Startup Cries Foul at Google's New Radio Ads Product

Voices.com CEO David Ciccarelli is crying foul at part of Google’s new radio ad product, which is in beta testing with select Google Adwords customers. Through partnerships with hundreds of radio stations, Google will offer customers the ability to bid on radio spots, and target ads by geography, station type, listener demographics and time of day.
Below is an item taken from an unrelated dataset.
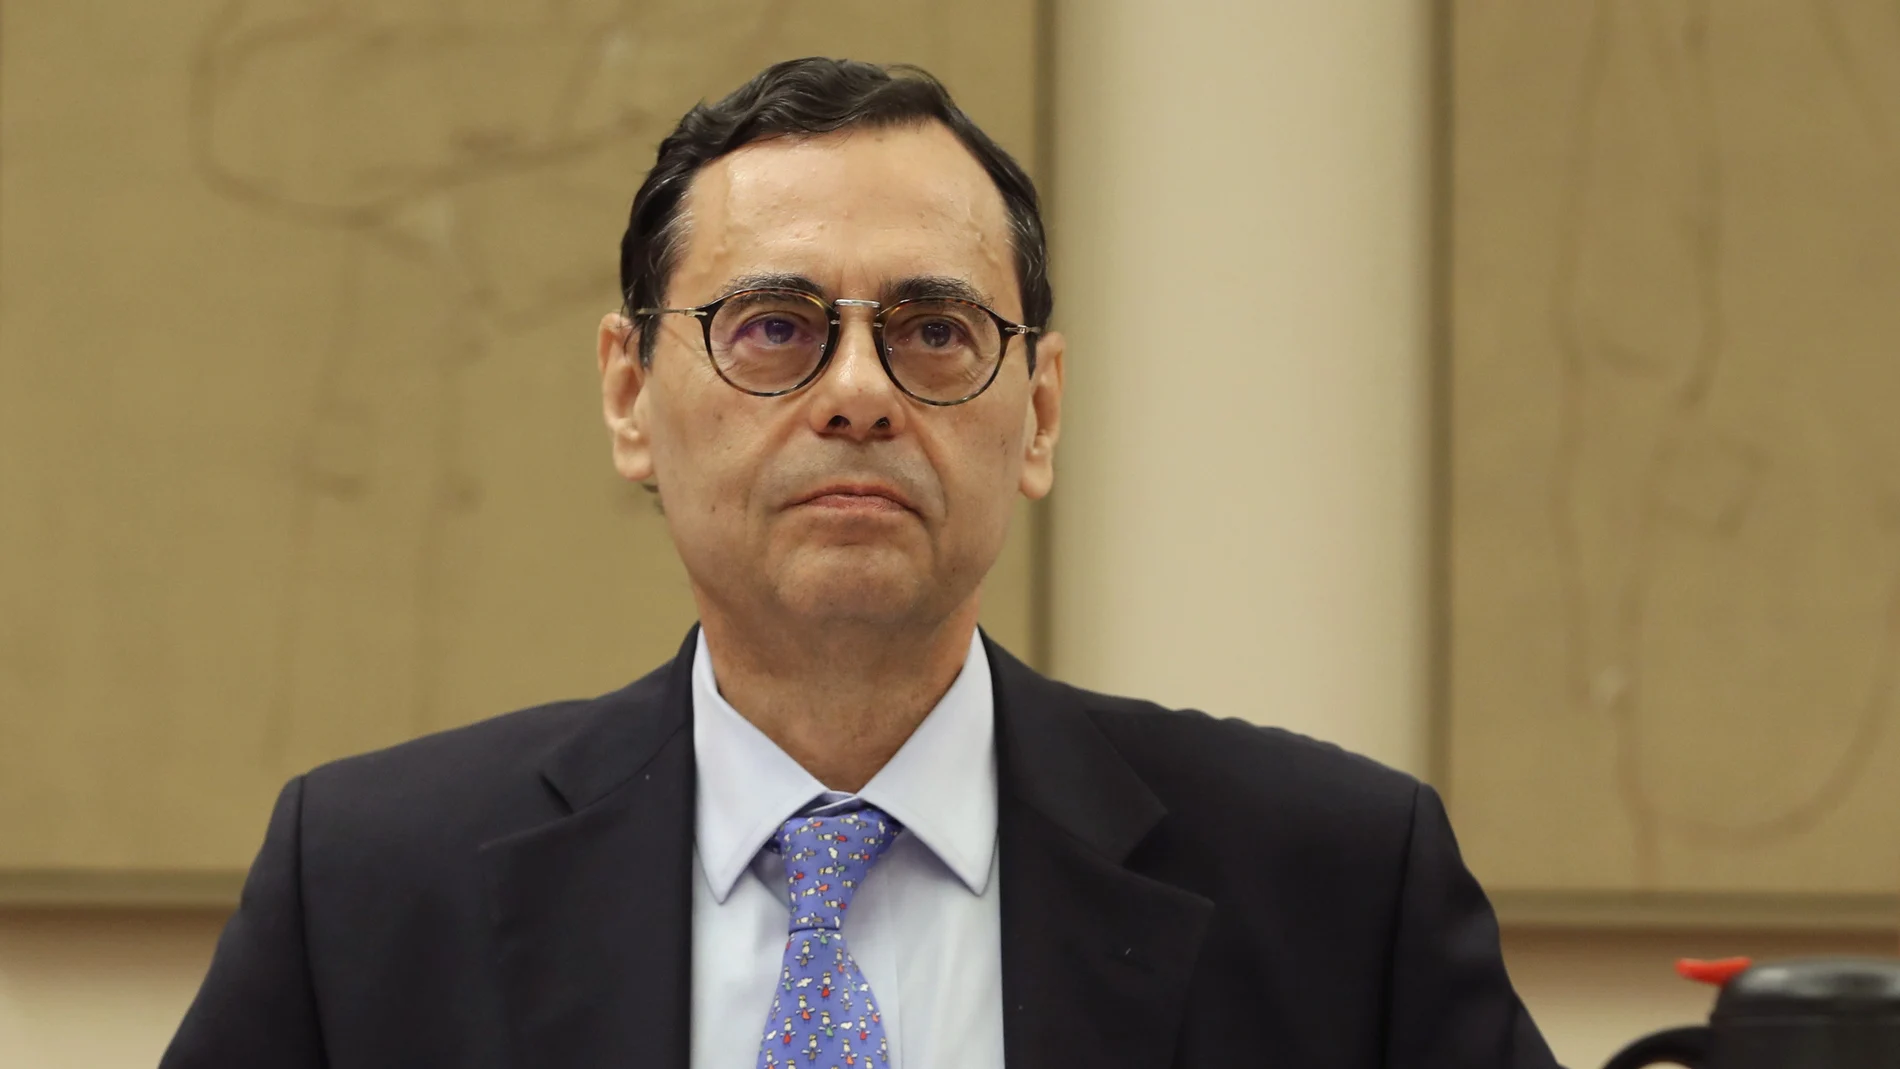 Jaime Caruana, exgobernador del Banco de España

But Google isn’t stopping at the sale, placement and tracking of radio spots. They are also assisting customers in the process of creating the ads themselves. The overall product looks very similar to what Spot Runner (mentioned here) is doing in the television space. From a recent CNET article on Google Radio Ads:

Google is also testing a program that will link up inexperienced radio marketers with professionals who can help them create a radio ad. Google Audio Ads beta tester Richard Swezey, executive vice president of Santa Monica, Calif.-based Bedlounge.com, said he is using that program, which Google called an “ad creative marketplace,” to get help in creating a radio ad to sell portable recliner pillows.

“Within 12 hours of submitting the bid, we got back a completed ad based on relatively scant information,” he said. “For a first shot, we were blown away by it.”

The minimum price for a bid is $100 and his bid was $300, Swezey said.

It’s that last bit that has Ciccarelli up in arms. Voices.com has been helping to match advertisers with voice talent and ad production for the last couple of years. He claims the Google ad product is nearly identical, although he hasn’t seen it yet and has nothing to go on but the CNET quote above. But he also says that for the last couple of months traffic to the site from Mountain View (where Google is headquartered) has gone through the roof, accounting for about 5% of total voices.com traffic. He’s suggesting that Google has scoured the voices.com site to figure out what to copy in the Voices.com business model.

Most people will tell Ciccarelli to suck it up and not complain about this. Copying is just flattery, after all, and there’s nothing he can do about it besides try and innovate faster than Google can (See YouTube).

And something else that needs to be considered is the possibility that Google hasn’t bothered looking at Voices.com at all. The core product was developed by a company that Google acquired a year ago called dMarc, which is still located in Newport Beach, California, about 350 miles south of Mountain View.

It’ll be interesting to see what people think about this in the comments.